# pocket door hardware



## TimPa (Jan 27, 2010)

looking into removing pocket doors to remove some material from the bottom, for a homeowner that installed carpet over floor. doors wont slide now, door hardware is maybe 100 yrs old. i can get door out of pocket by lifting them over the carpet. i am only aquainted with newer style hardware. if anyone is familiar with this old style hardware, do you have any tips on removing the doors?

plate is screwed on top of door from top, has straps going up to trolley. trolley is resting on 2 sets of wheels/axles. tracks appear to be screwed into cast iron brackets with captive screws. thanks.


----------



## cabinetman (Jul 5, 2007)

There are a few designs for that type of hardware. Have you tried just lifting the door?









 







.


----------



## TimPa (Jan 27, 2010)

yes, i can get the door into the opening and swing it both ways. imagine a upside down u-shaped track with bottoms curled inward. the trolley has 2 wheels on each side that ride on those curls. it won't just lift off. 

it looks as if i can release the axles/wheels from the trolley. it will slide down in the crack of the track (~3/8").


----------



## cabinetman (Jul 5, 2007)

TimPa said:


> yes, i can get the door into the opening and swing it both ways. imagine a upside down u-shaped track with bottoms curled inward. the trolley has 2 wheels on each side that ride on those curls. it won't just lift off.
> 
> it looks as if i can release the axles/wheels from the trolley. it will slide down in the crack of the track (~3/8").


You probably can't get to the axles/wheels. Some of those, the hardware slips out of the connector from the top bracket to the trolley. On others it's a slip out fitting on top of the door bracket that attaches to the connector to the trolleys.










 







.


----------



## Gary0855 (Aug 3, 2010)

Check to see if there is a section of track that can be removed to allow the rollers to come of the track.
I would think with the doors all the way open, a middle piece could be removed and when the doors are closed one at a time they will roll off the track.


----------



## TimPa (Jan 27, 2010)

cabinetman said:


> You probably can't get to the axles/wheels.
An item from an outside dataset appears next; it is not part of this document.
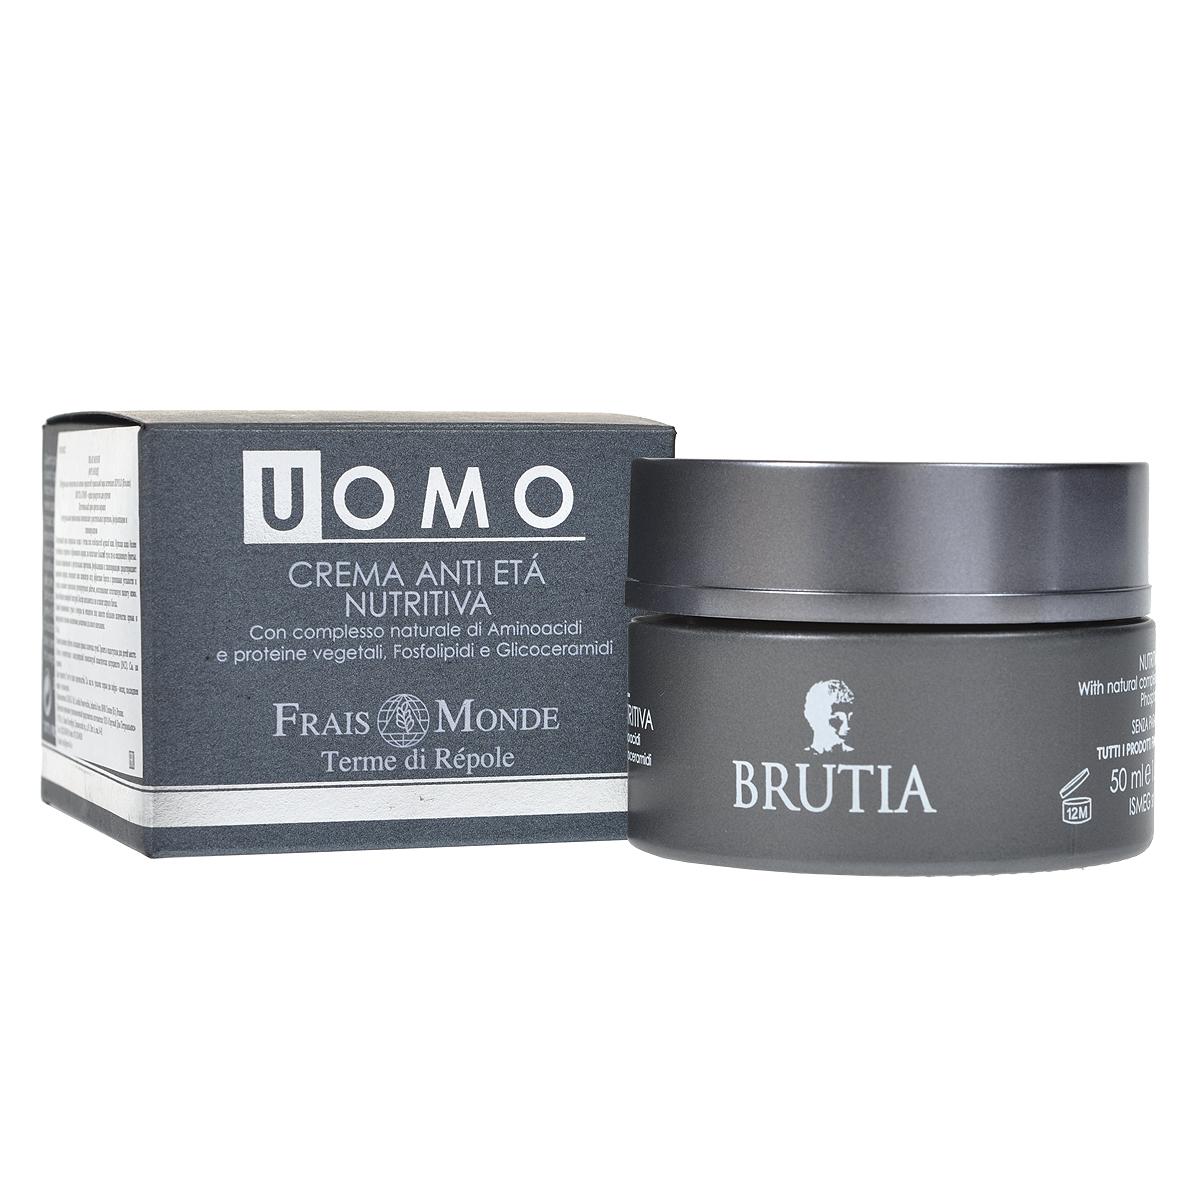 Питательный крем Brutia. Frais Monde против морщин, для мужчин, 50 мл libre derm косметика производитель
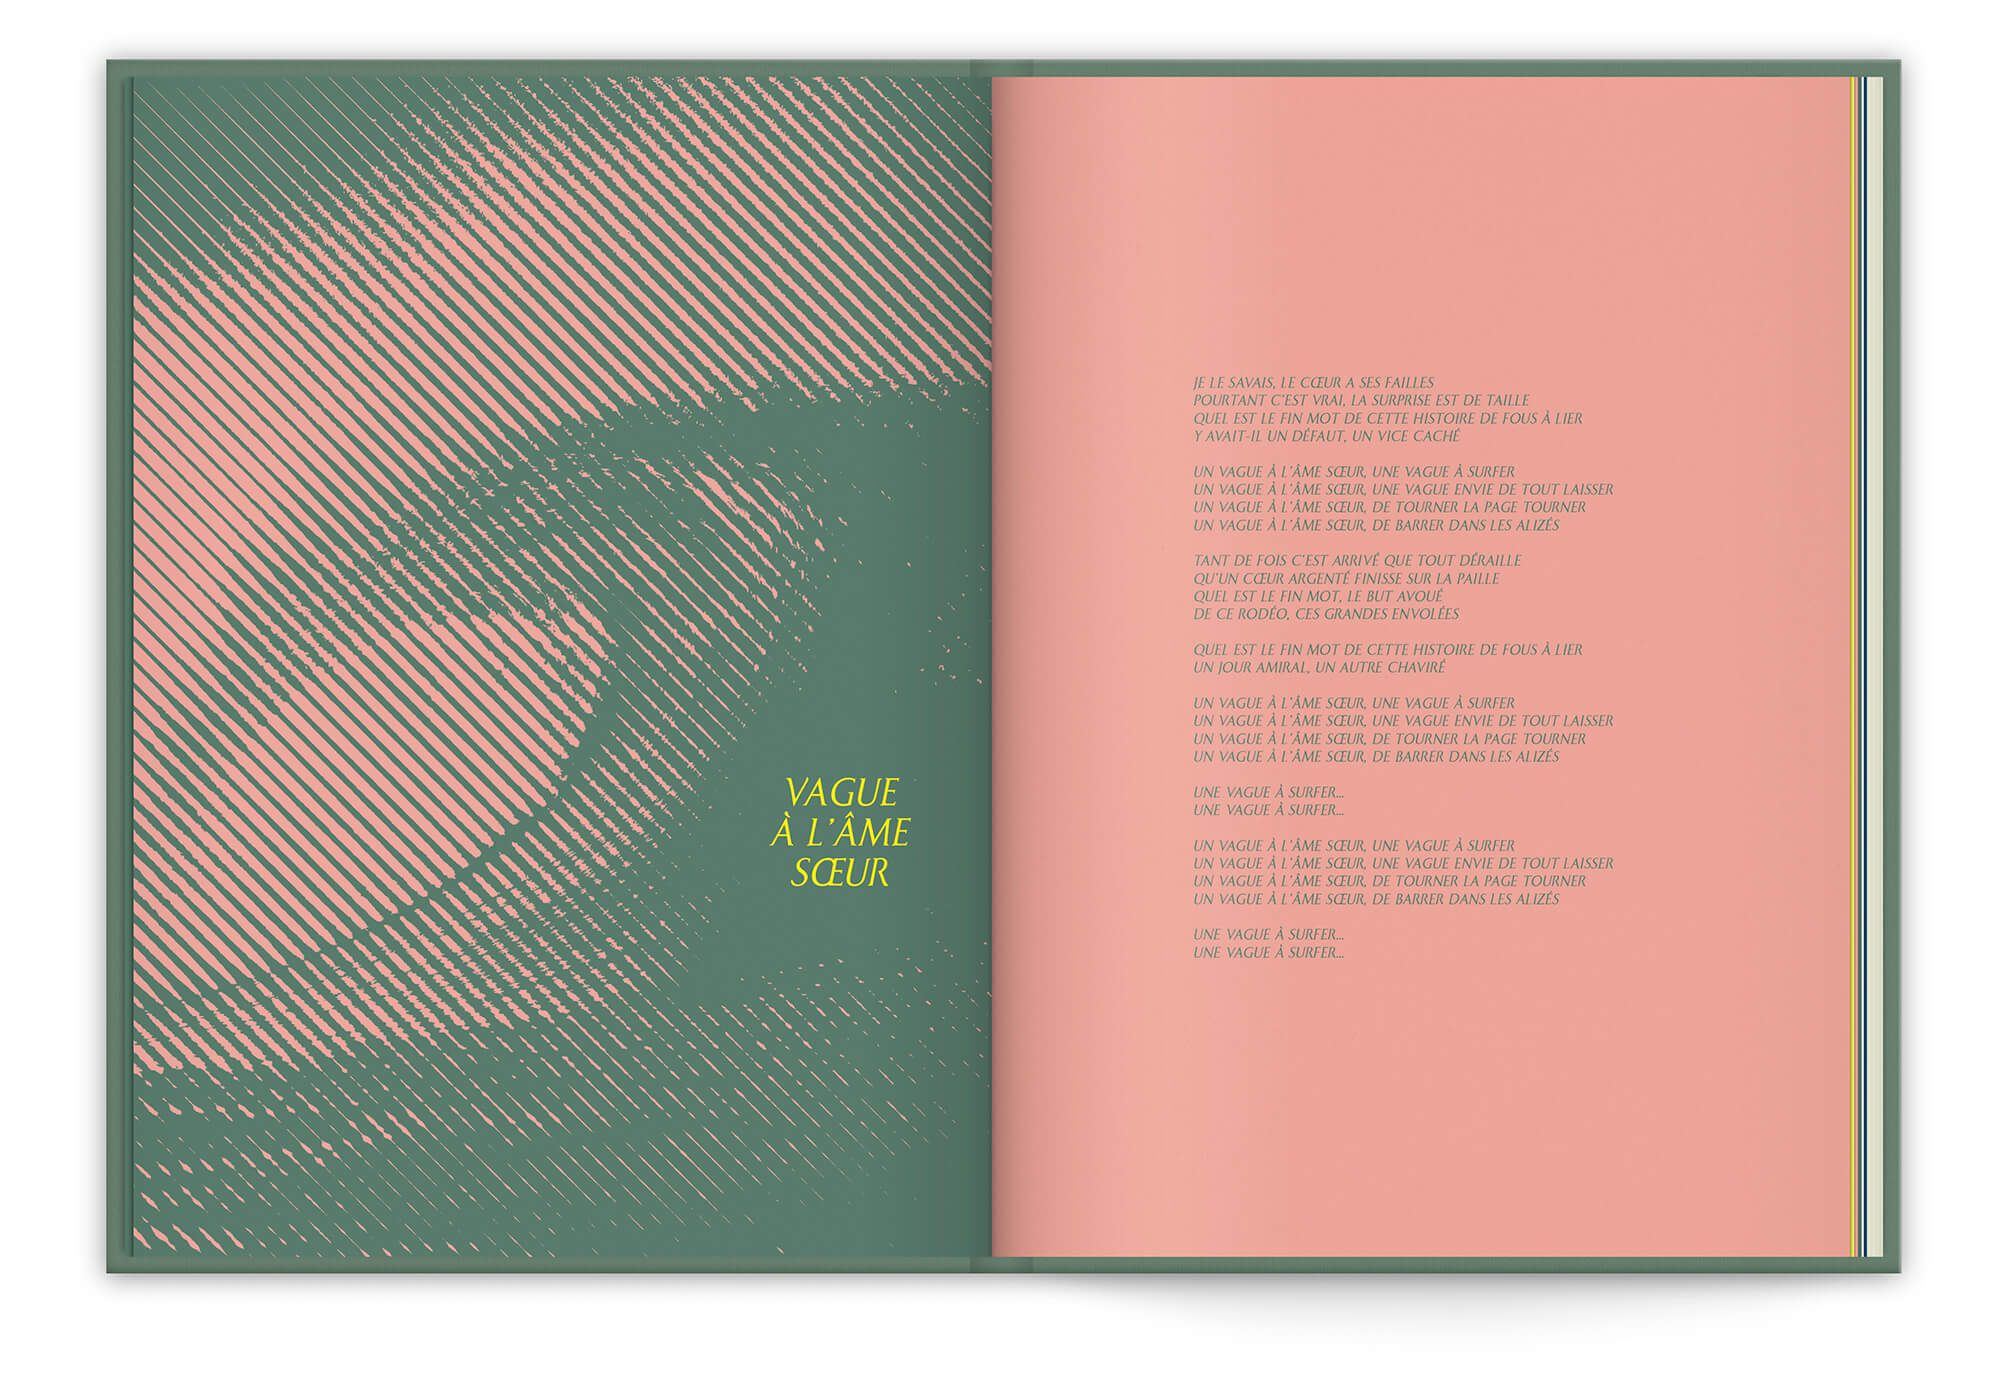 Le single Vague à l'âme soeur, titre inédit lors de la sortie du best of 2019 de Vanessa Paradis, Image tramé et design IchetKar

Some of those, the hardware slips out of the connector from the top bracket to the trolley. On others it's a slip out fitting on top of the door bracket that attaches to the connector to the trolleys.
> 
> 
> 
> ...


you're right, there is very limited access, only the 3/8" gap of the track. the bracket on the door all appears solid. it appears that the trolley block sits on top f the axles/wheels, and could lift off. presently, there isn't enough play to get the axles out from under the trolley. beacause when you lift the door, you lose your access to the parts. hhmmm.


----------



## TimPa (Jan 27, 2010)

Gary0855 said:


> Check to see if there is a section of track that can be removed to allow the rollers to come of the track.
> I would think with the doors all the way open, a middle piece could be removed and when the doors are closed one at a time they will roll off the track.


the track is 2 piece, splits in the middle. the first thing i tried was to loosen one side and lower it to roll the door off. couldn't do it with the door vertical, but i thought i'd try it again with the door swung out to the side.


----------



## RogerInColorado (Jan 16, 2013)

I took one down about 10 years ago to be able to get at the inside to make new flooring look complete. I removed trim pieces from the jamb to make clearance.


----------



## windygorge (Feb 20, 2013)

Yea...tell them pocket doors are stupid and you won't do the job unless you can demo it and replace it with a real door. :blink:


----------



## Futurepast (Jun 18, 2012)

http://www.fixpocketdoors.com/page6.html is a good place to see old pocket door rollers and how they work


----------



## BZawat (Sep 21, 2012)

A company I worked for years ago landed a restoration job of a big old estate in Germantown Pa. House was over 100 years old and had a few massive pocket doors, like 8 feet wide and 1 3/4" thick. To remove them for restoration we had to remove the casing and the head piece of the split jamb to access the hardware. 
Be choosy about what side you take apart as its not necessary to disassemble both sides, only the side that will allow you to get at the business end of the rollers. 
These doors had huge 3" diameter steel rollers and cast iron straps that were mortised into the top of the door. Pretty cool stuff. 
It was a huge PITA. Good luck man


----------



## windygorge (Feb 20, 2013)

I'm assuming your done by now, but next time show some pics if you can.


----------